При внимательном изучении дородового анамнеза можно выявить наличие материнских факторов, связанных с этой проблемой (неспособность груди увеличиваться во время беременности или в течение первых нескольких дней после родов). Непосредственное наблюдение за процессом кормления грудью может помочь устранить возможные технические ошибки. Если после окончания кормления большой объем молока сцеживается вручную, младенец может получать недостаточное его количество. В итоге это может привести к Ф лактогенеза. Поздние недоношенные дети (рожденные на сроке от 34 до 36 нед) подвержены повышенному риску развития синдрома недостаточной выработки молока, связанного с плохим сосанием, глотанием или мед. проблемами.

е) Желтуха:

1. Желтуха грудного вскармливания развивается в результате недостаточного потребления жидкости в течение первой недели жизни. Это состояние является частой причиной повторной госпитализации здоровых младенцев, находящихся на грудном вскармливании. Такой тип желтухи связан с обезвоживанием и гипернатриемией. 2. Желтуха грудного молока — нарушение, развивающееся по иному механизму. В этом случае у здоровых младенцев, получающих достаточный объем грудного молока, возникает устойчивое ↑ уровня непрямого билирубина в сыворотке крови. Грудное молоко содержит ингибиторы глюкуронилтрансферазы, действие которых вызывает усиленное всасывание билирубина из кишечника. Желтуха грудного молока развивается позже, чем желтуха грудного вскармливания, и ее интенсивность обычно ↓ к 2-3-й неделе жизни.

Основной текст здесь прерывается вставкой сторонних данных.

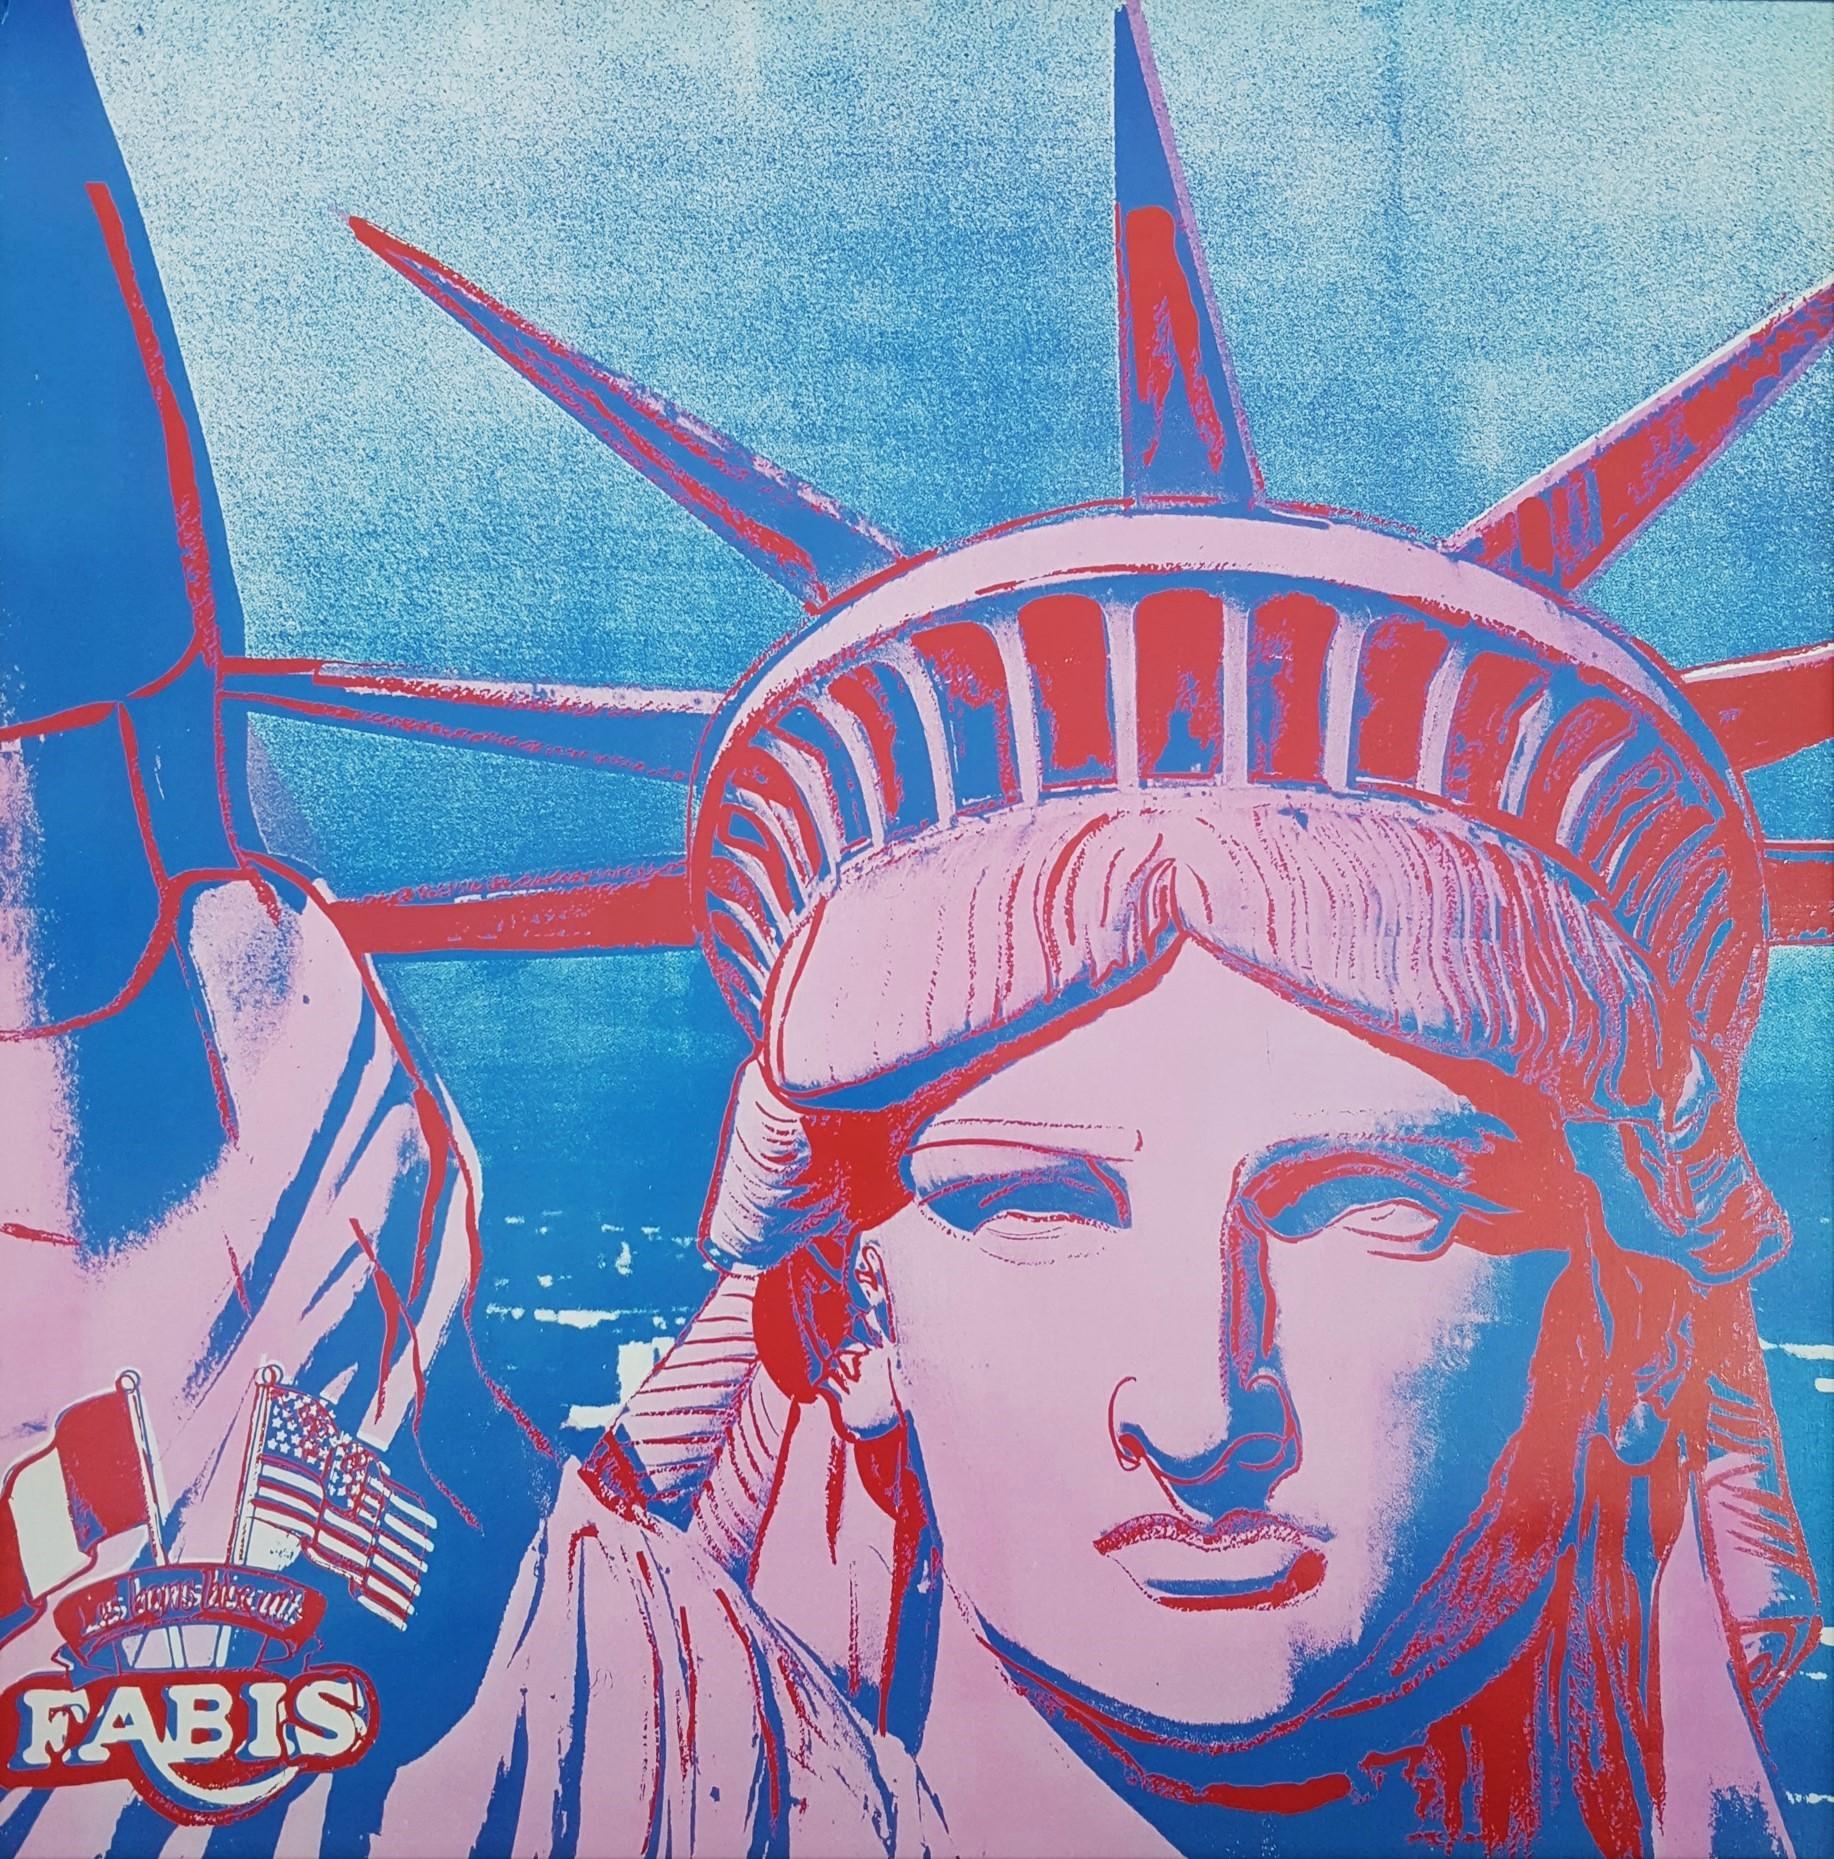 Galerie Lavignes Bastille (10 Statues of Liberty) - Print by (after) Andy Warhol

Младенцы с тяжелыми или стойкими проявлениями желтухи должны быть обследованы в целях исключения др. заболеваний, которые могли послужить ее причиной. Сохранение стабильно высокого уровня билирубина может потребовать замены грудного молока детской смесью на срок от 24 до 48 ч и/или лечения фототерапией без прекращения грудного вскармливания. После Ф уровня билирубина в сыворотке крови кормление грудью следует возобновить. Успокоить родителей и поощрять их к тому, чтобы они продолжали сцеживать и хранить грудное молоко, пока младенец временно получает смесь.

РФ: желтуха грудного молока (гипербилирубинемия Ариаса, метаболическая конъюгационная желтуха) — разновидность физиол. желтухи, возникающая у новорожденных на фоне кормления грудным молоком. Данный феномен заключается в том, что на фоне кормления грудью у младенца появляется немотивированная желтуха, которая быстро исчезает после прекращения вскармливания.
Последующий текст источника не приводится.